DATA FOR THIS TASK ::
+ + + + + + +

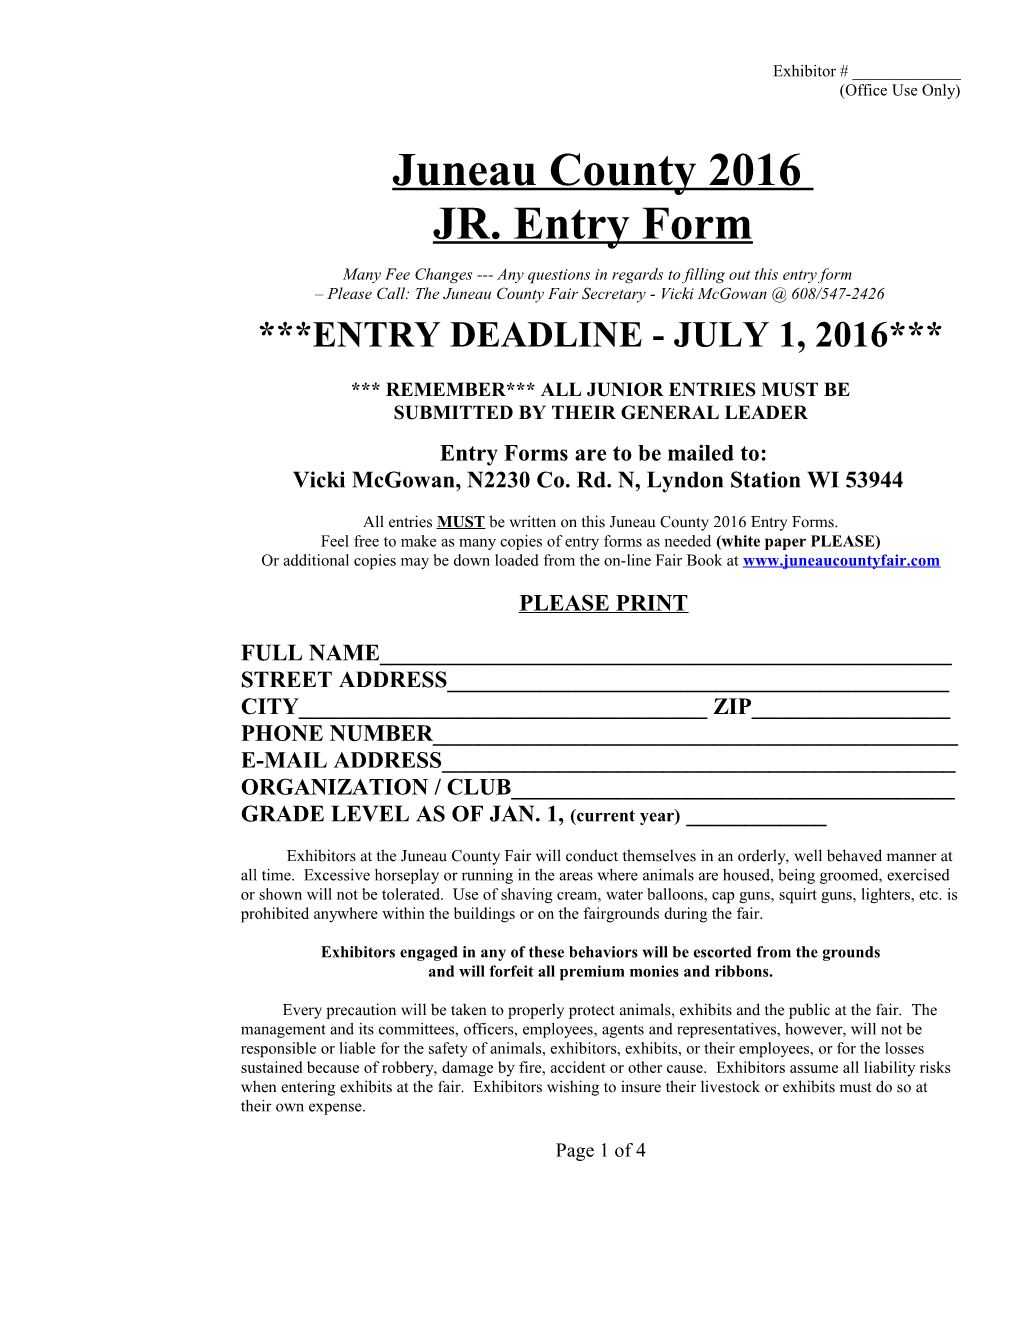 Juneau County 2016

+ + + + + + +

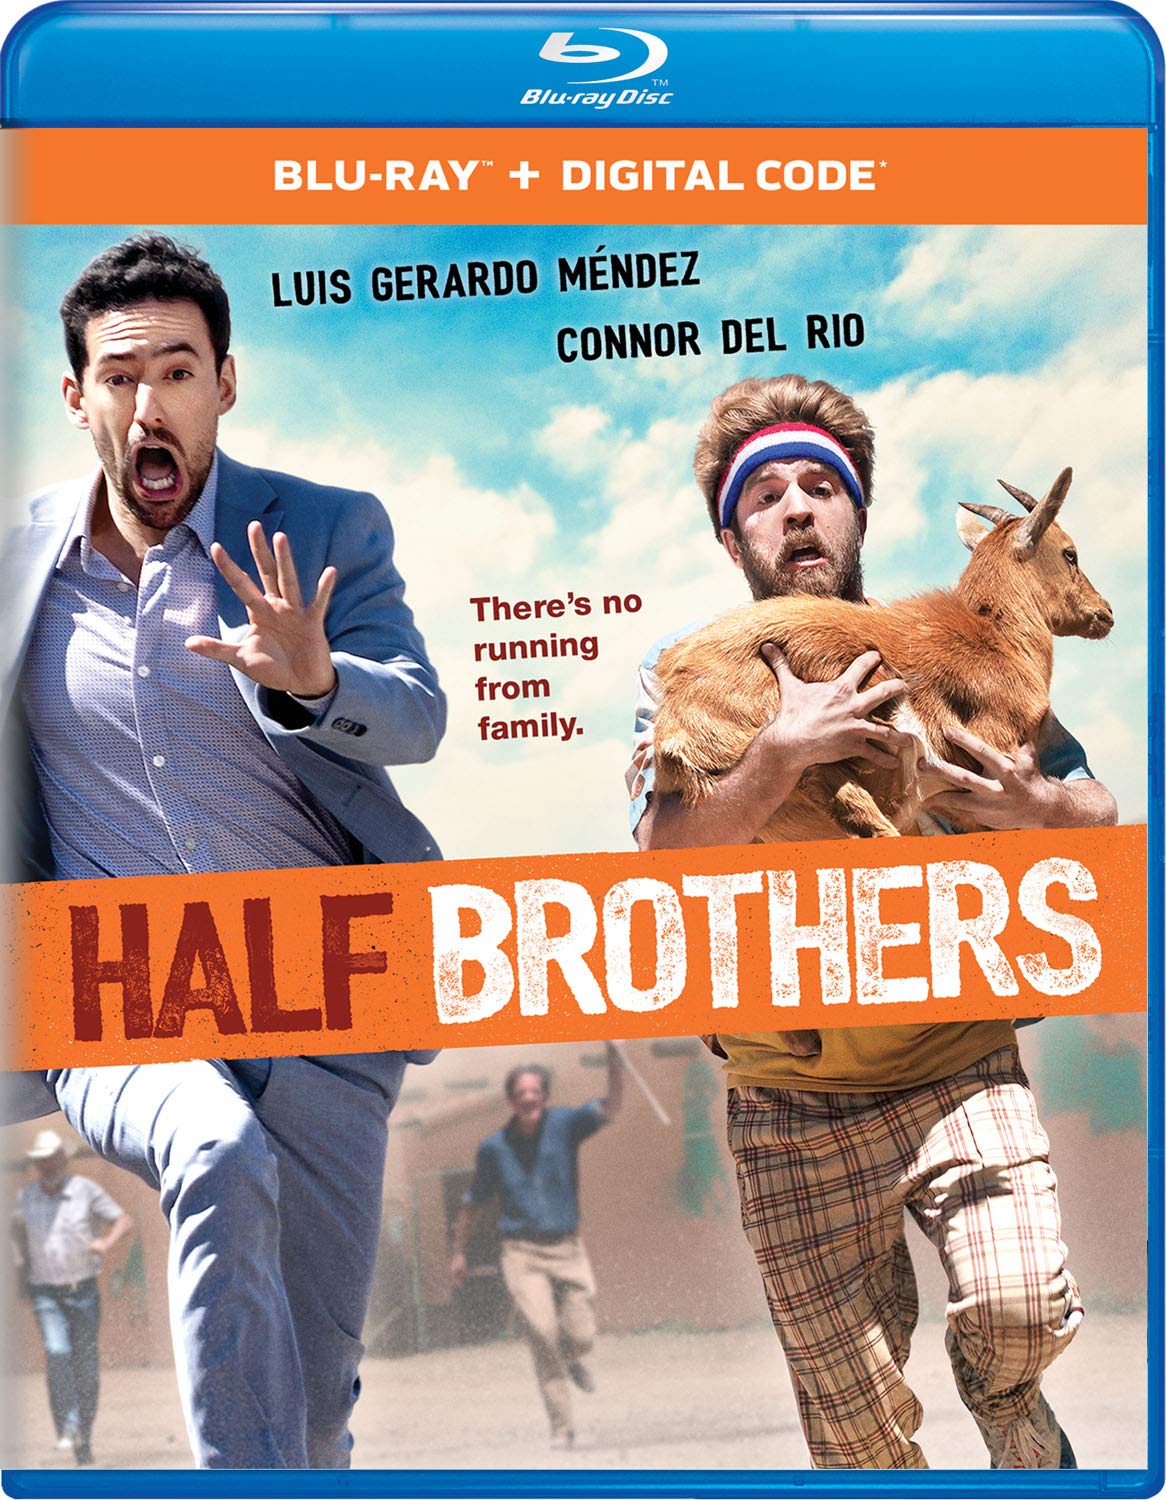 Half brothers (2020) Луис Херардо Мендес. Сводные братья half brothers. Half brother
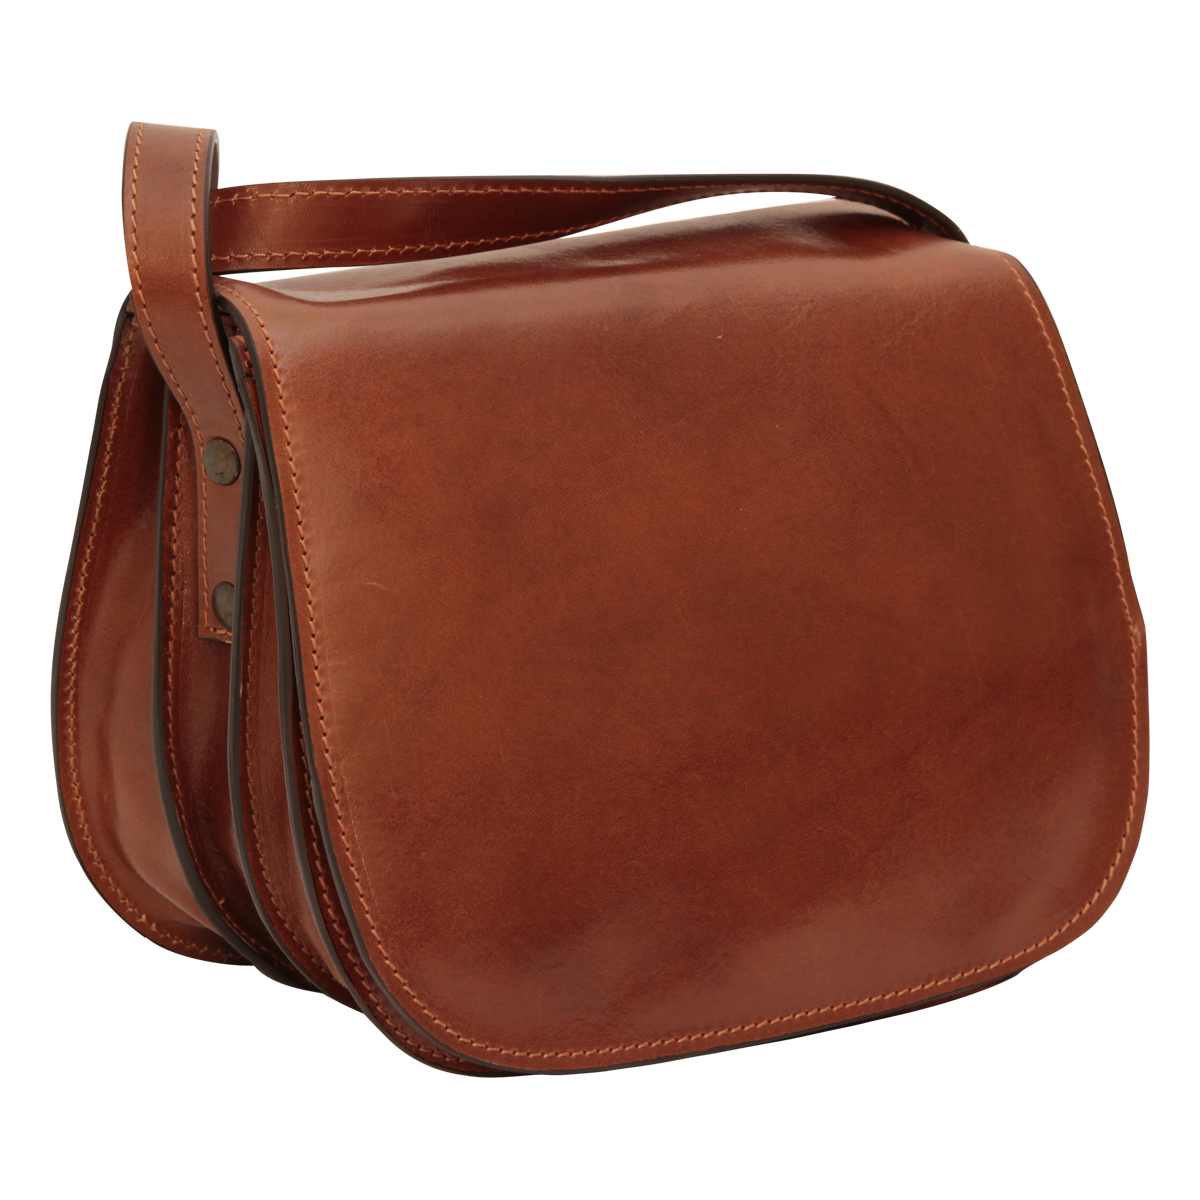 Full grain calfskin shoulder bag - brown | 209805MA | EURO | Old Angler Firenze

+ + + + + + +

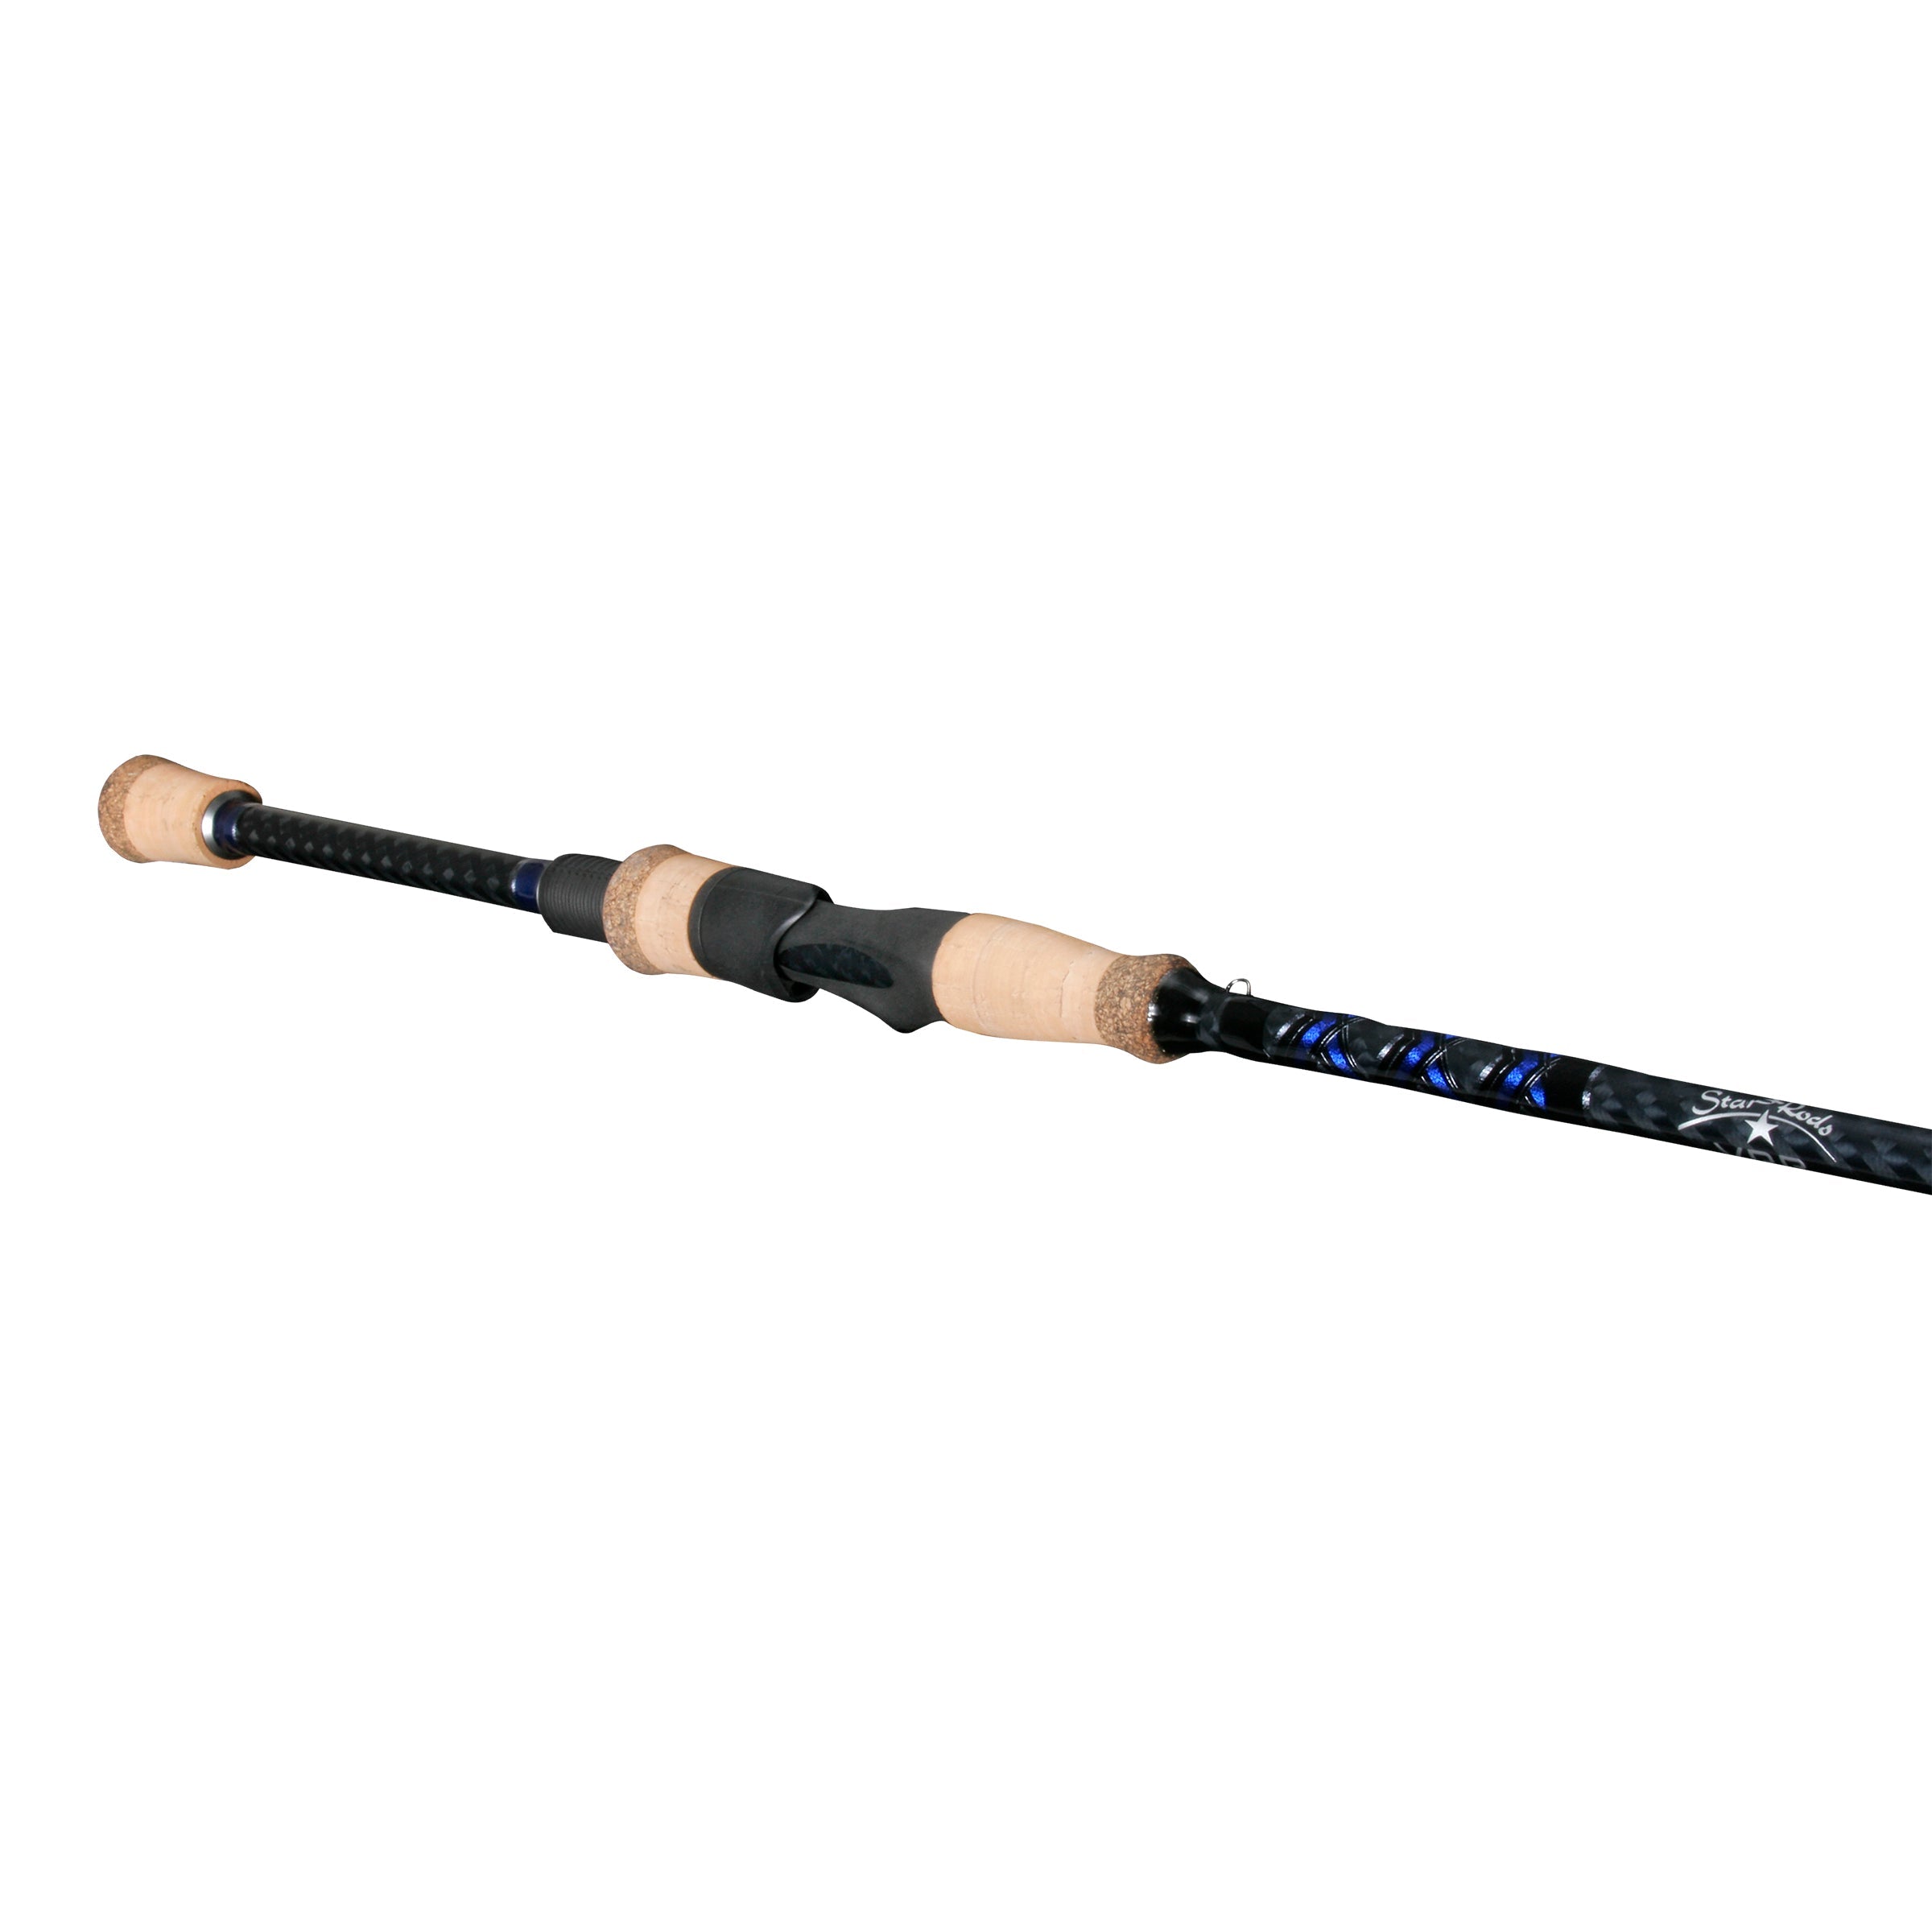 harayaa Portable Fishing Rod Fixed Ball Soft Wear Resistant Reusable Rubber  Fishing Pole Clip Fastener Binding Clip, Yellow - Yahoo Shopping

+ + + + + + +

TASK GOAL ::
Return exactly the stretch above whose first line contains "Half brothers (2020)" and whose last line contains "Full grain calfskin", and nothing outside it. The pictures should not appear.

SOLUTION TO THE PROBLEM ::
 Half brothers (2020) Луис Херардо Мендес. Сводные братья half brothers. Half brother
 Full grain calfskin shoulder bag - brown | 209805MA | EURO | Old Angler Firenze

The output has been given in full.